I find that this frame of mind is useful whenever any team is in the planning phase of a sprint. The question, ‘What more can we do?’ may not require some grandiose visioning exercise; it may just require us to candidly reflect on what some of the neglected opportunities are due to the level of frustration / pain caused in the past.

Always focus on customer value. When building our playbook, it was important to acknowledge that our target stakeholder had been neglected for a reason (difficulty learning how to partner with them, access considerations, etc.). We found that sales teams were more receptive to reaching out to the customers when we positioned the process as something that would directly benefit the customer (e.g., helping them stand up community partnerships, developing patient education materials, etc.). They felt as if they had a better chance of then getting a “second” phone call to learn how they could partner.

In the context of sales teams, I believe this means that the “first prospective call” should not always be about specific product sales - it should be about crafting what true value looks like for the customer. Sales will then flow organically.

Less is more. Whether it is for the end customer or internal stakeholders, streamlining the communication lexicon, frequency, and overall story helps people retain the core message.

One of the largest challenges we had throughout this project was simply getting employees to understand what we were talking about whenever we would bring up the overall transformation acronym or sub-workstreams. There seemed to be a “point of no return” where, after a certain level of communication, people accepted that they didn’t fully understand. This is why it is critical to have meaningful engagements with your stakeholders. Ensure that the message is clear and can be clearly accessed at any time, because the more there is, the harder it gets to sort through everything and find the “real” message.

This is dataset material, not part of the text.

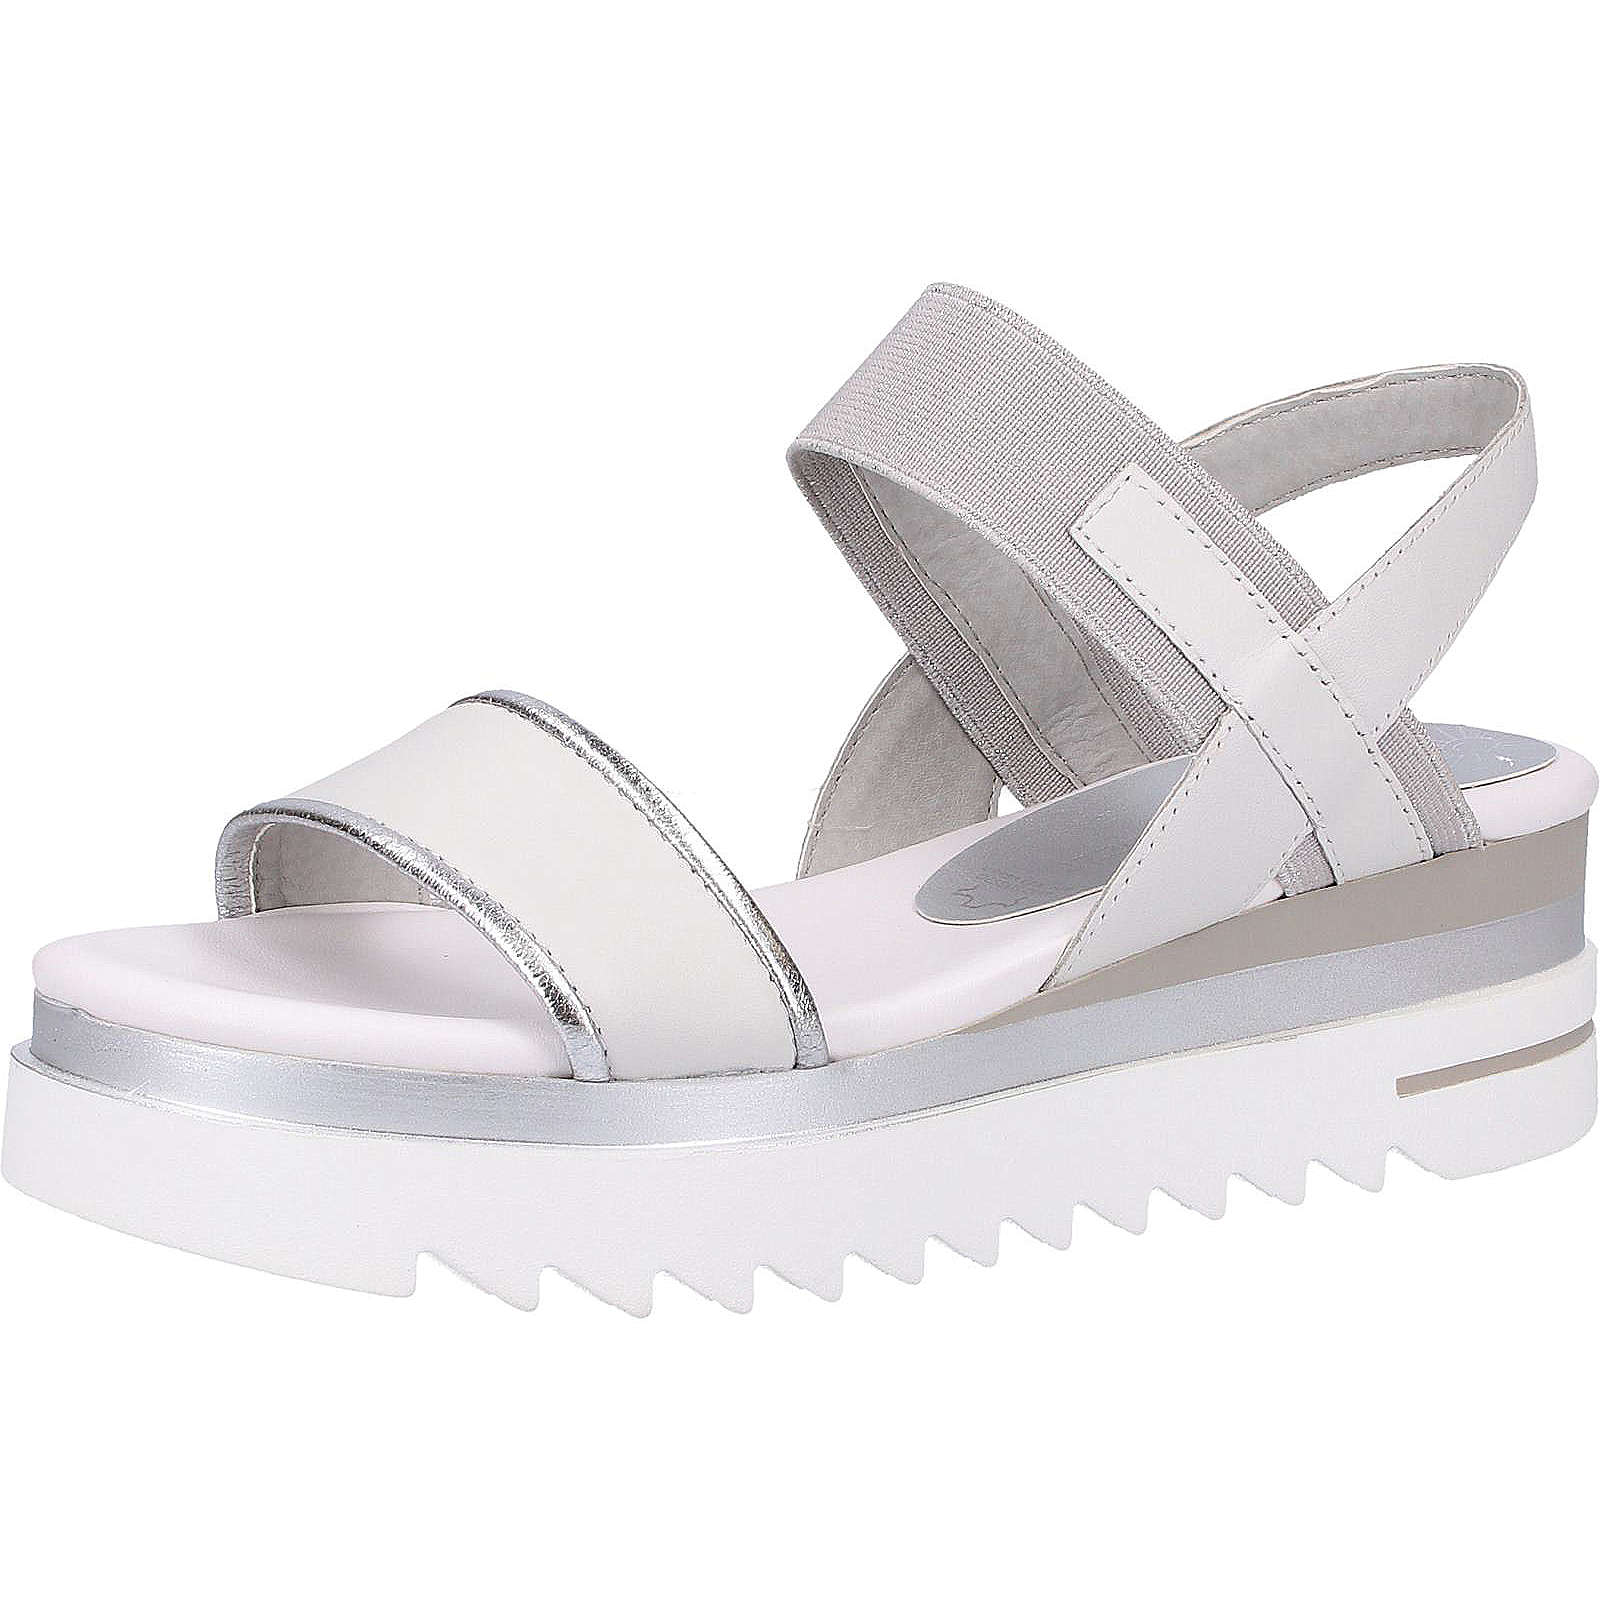 MARCO TOZZI Sandalen Klassische Sandaletten weiß Damen Gr. 40
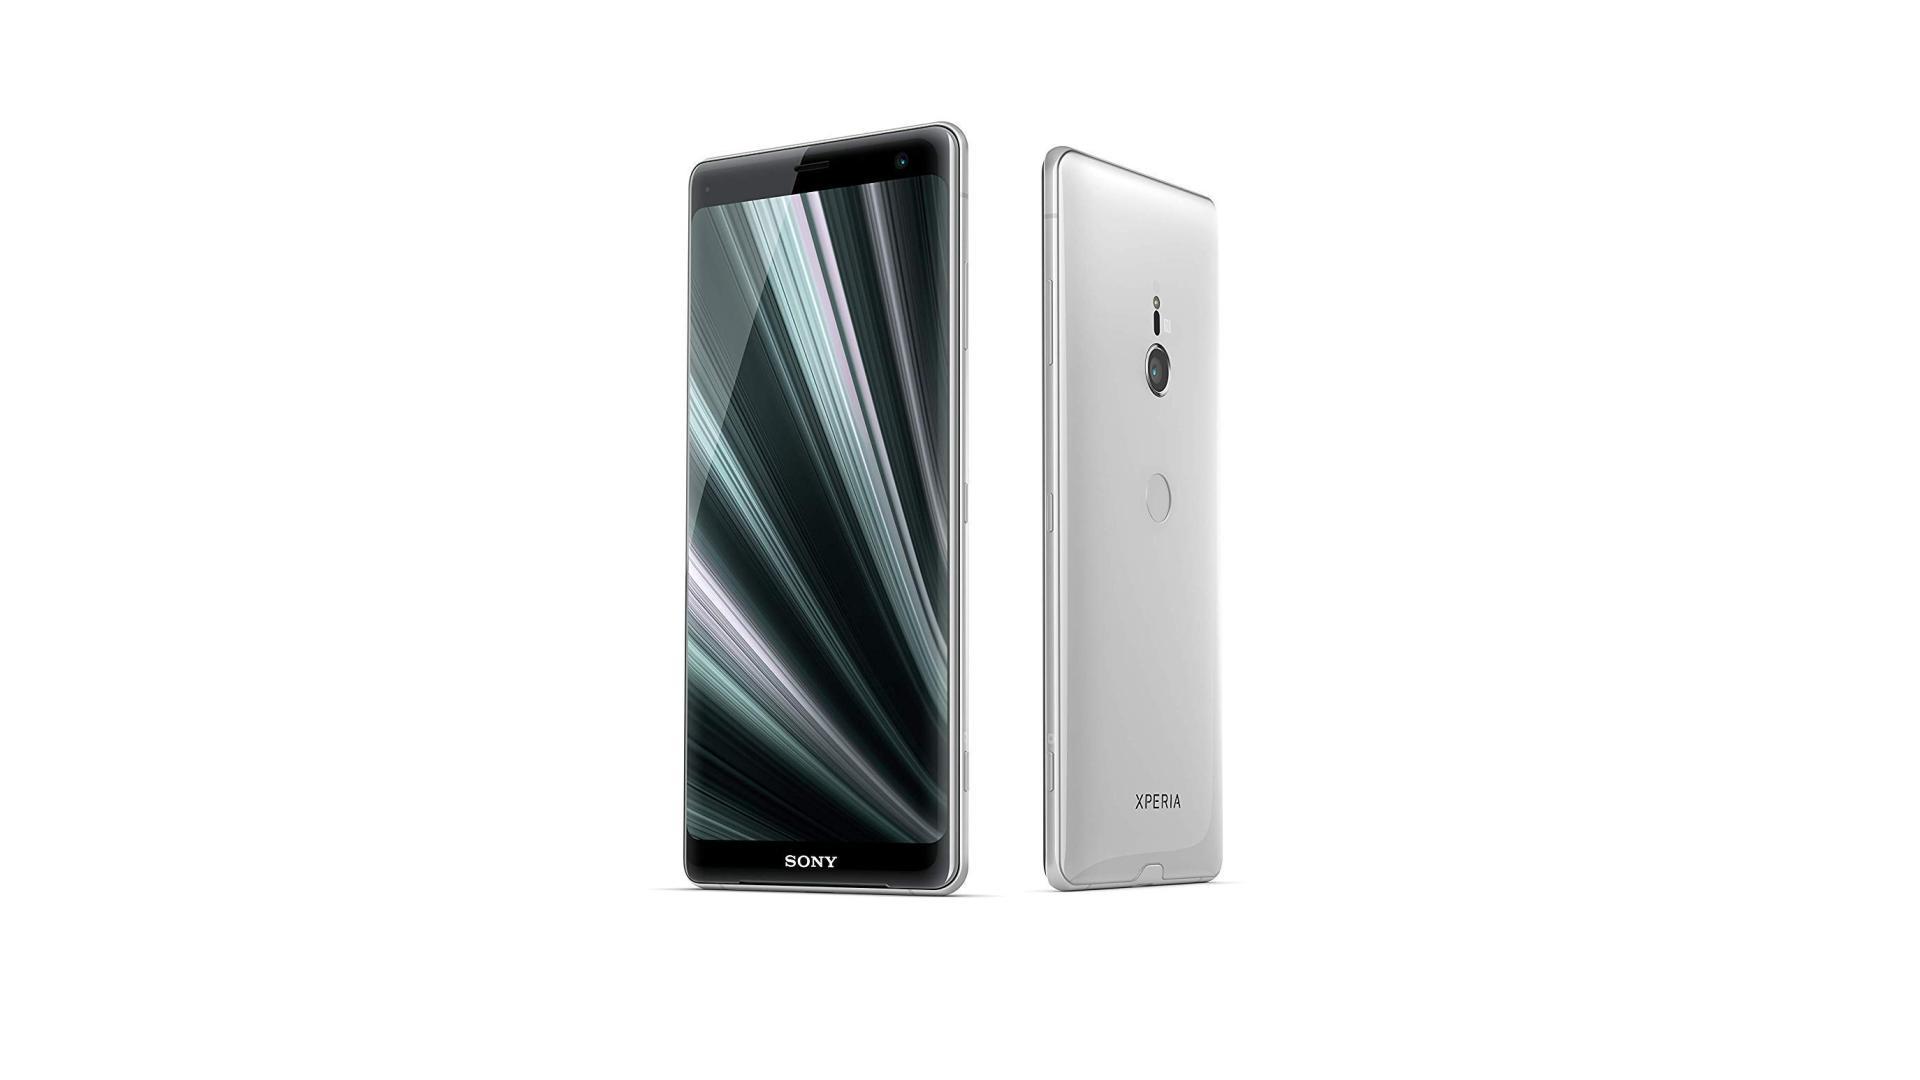 🔥 Cyber Monday : le smartphone Sony Xperia XZ3 à 599 euros chez Amazon

I have found this same principle to also be relevant to UI/UX - e.g., me trying to minimize whitespace here and also not write a huge amount or make a subpage for each of these projects :)

Lead by example. The key to organizational buy-in is to show value in the most clear and direct manner.

We noticed the most level of excitement on this engagement when we were collaborating with individuals on the “what’s in it for me?” resources - e.g., showing capabilities in the pipeline and future use cases that it will enable.

This process needs to be top-down - whether it is champions showing how their own day-to-day work has improved, or leaders clearly outlining the case for change and how it will impact the individual.